REQUIRED WORK: The answer is to be the data that follows, transcribed exactly, minus its pictures.

MATERIAL PROVIDED:
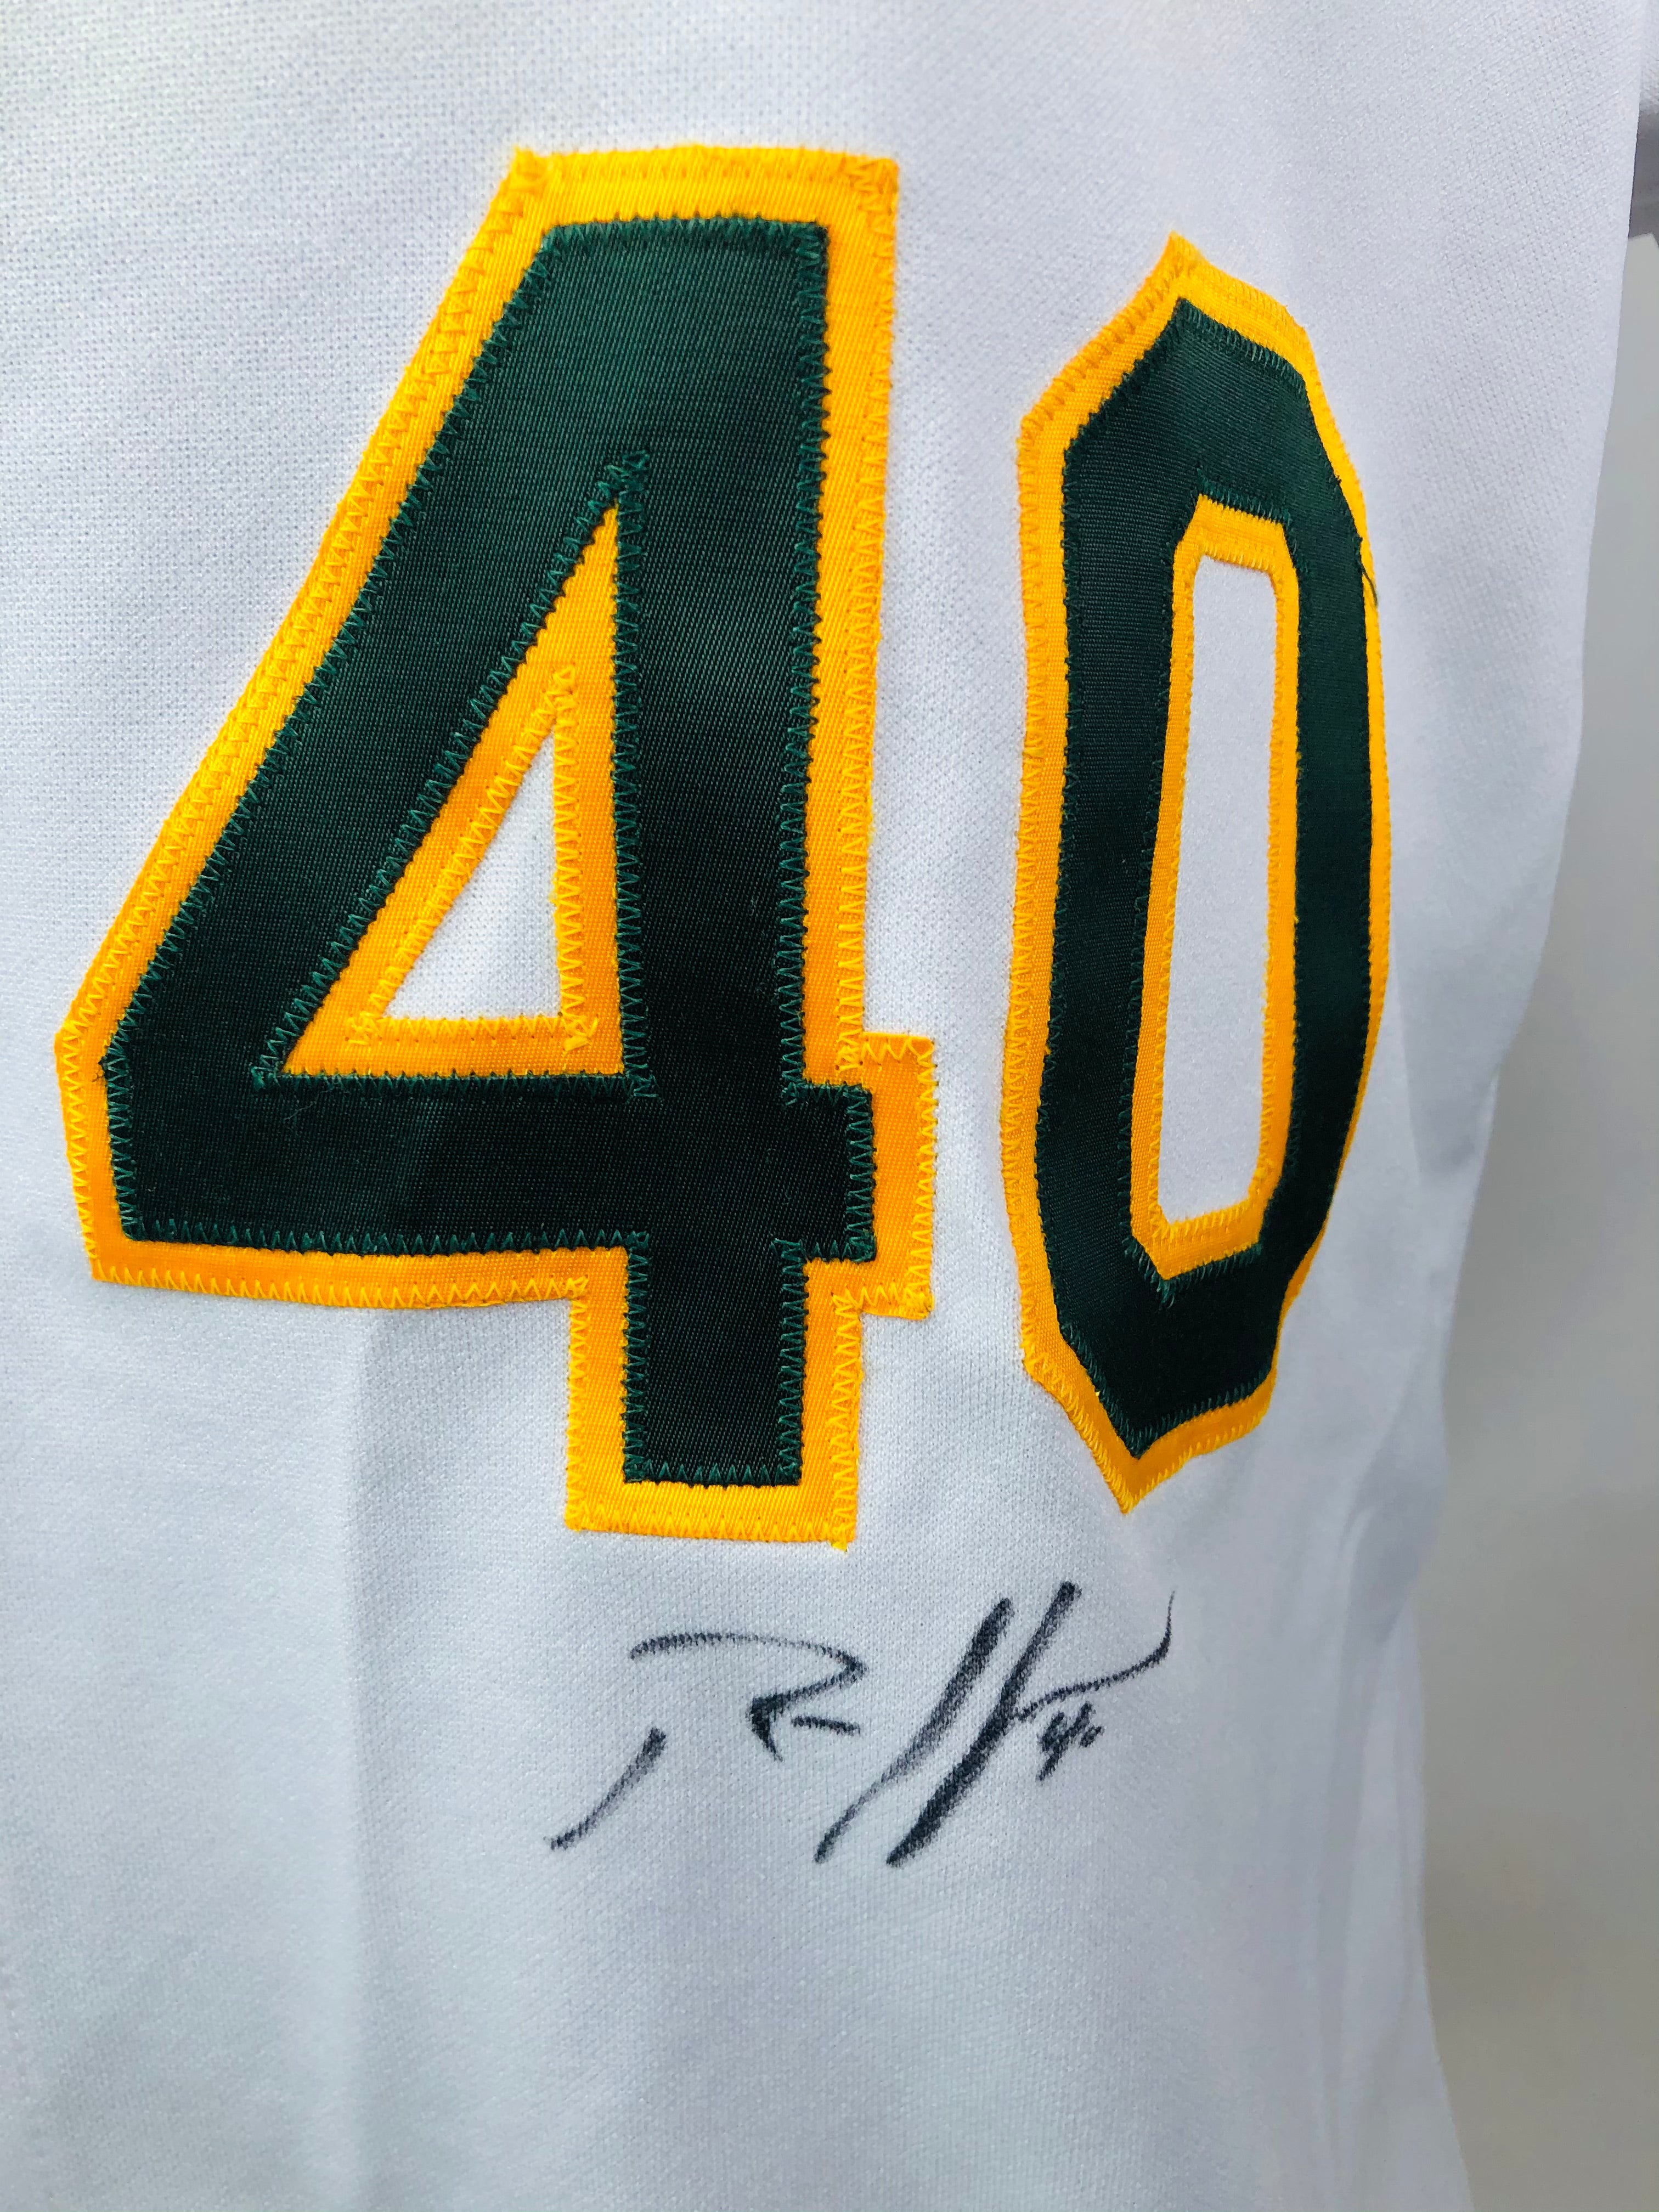 RICH HARDEN OAKLAND ATHLETICS VINTAGE 2000'S TEAM ISSUED SIGNED AUTHEN -  Bucks County Baseball Co.
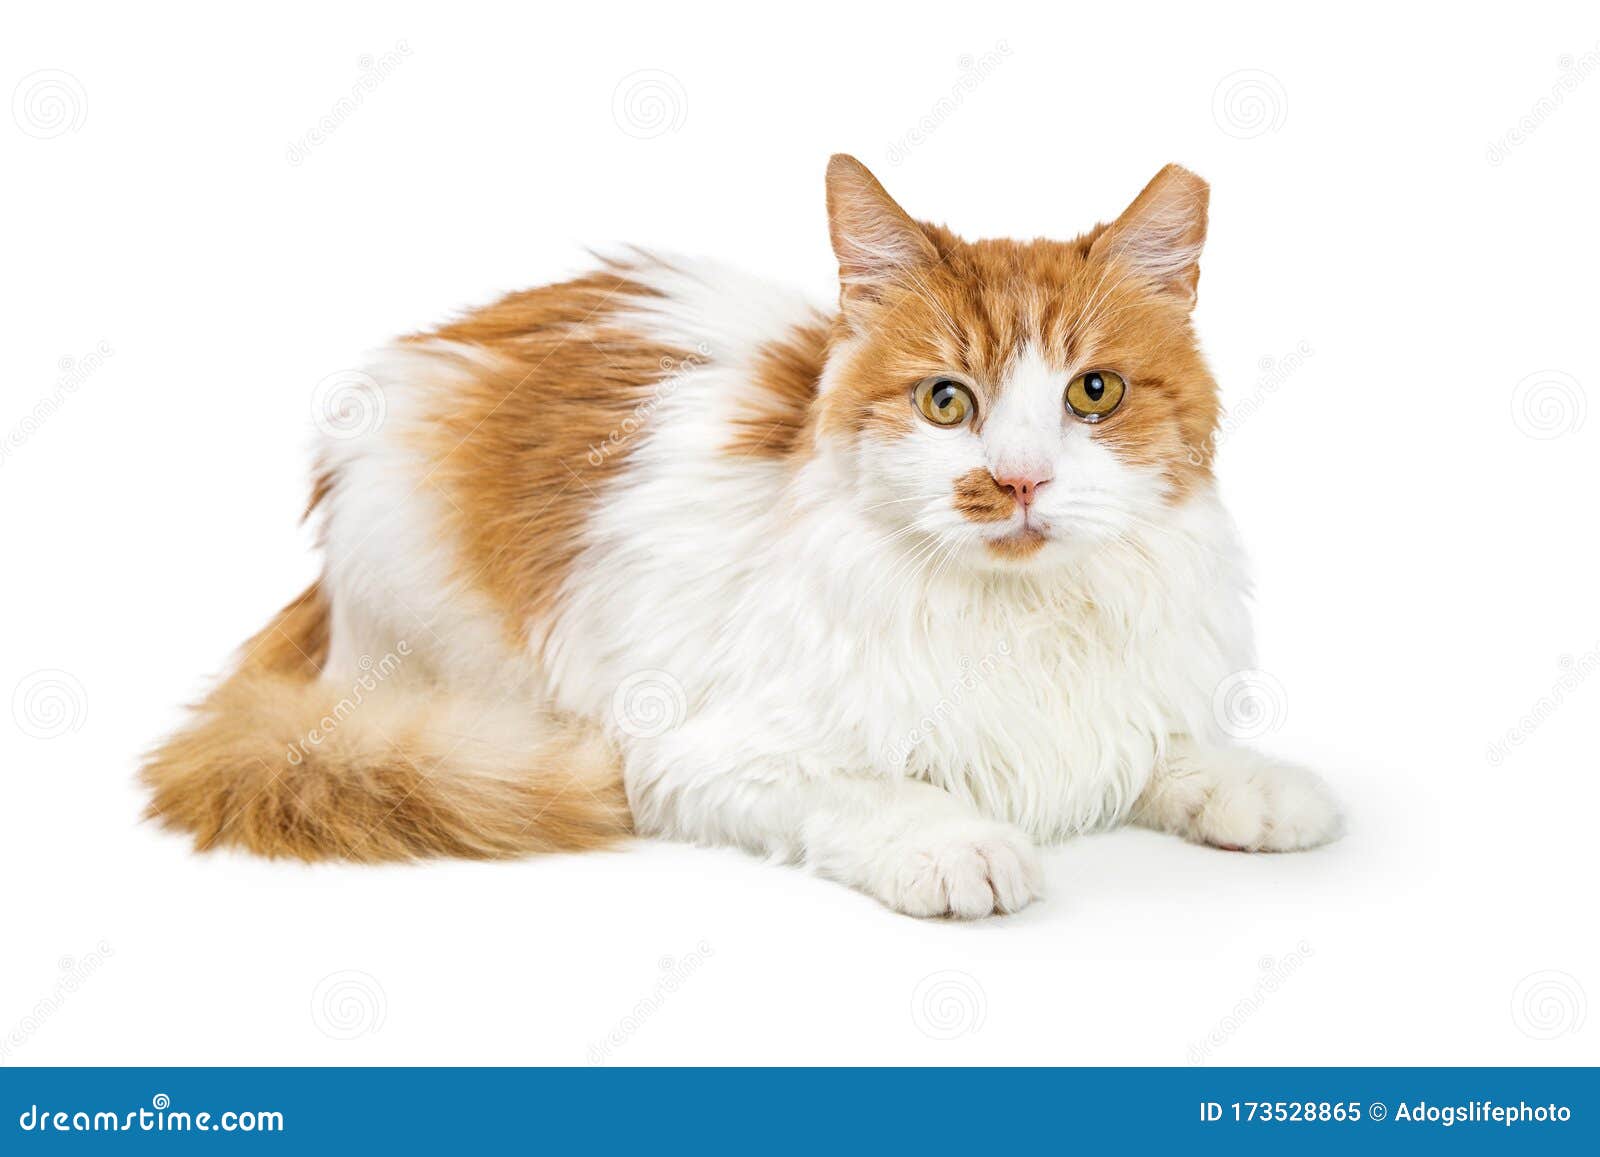 Orange and White Cat Lying Looking at Camera Stock Image - Image of  looking, sleep: 173528865
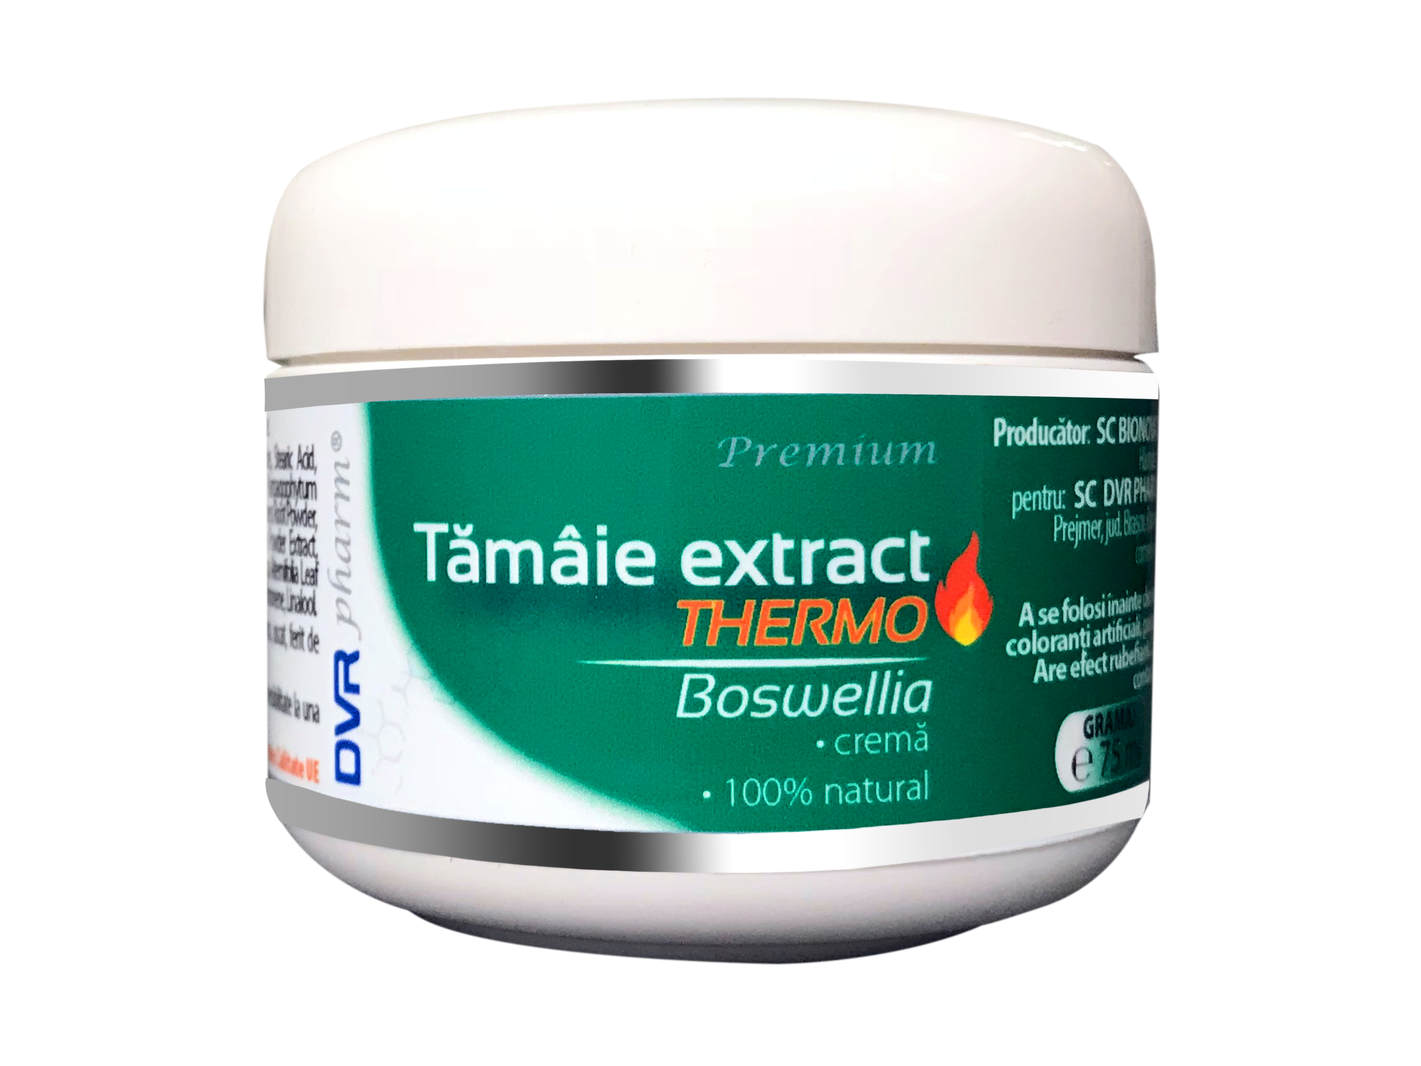 Tamaie extract Thermo

FINISHED TASK:
 RICH HARDEN OAKLAND ATHLETICS VINTAGE 2000'S TEAM ISSUED SIGNED AUTHEN -  Bucks County Baseball Co.
 Orange and White Cat Lying Looking at Camera Stock Image - Image of  looking, sleep: 173528865
 Tamaie extract Thermo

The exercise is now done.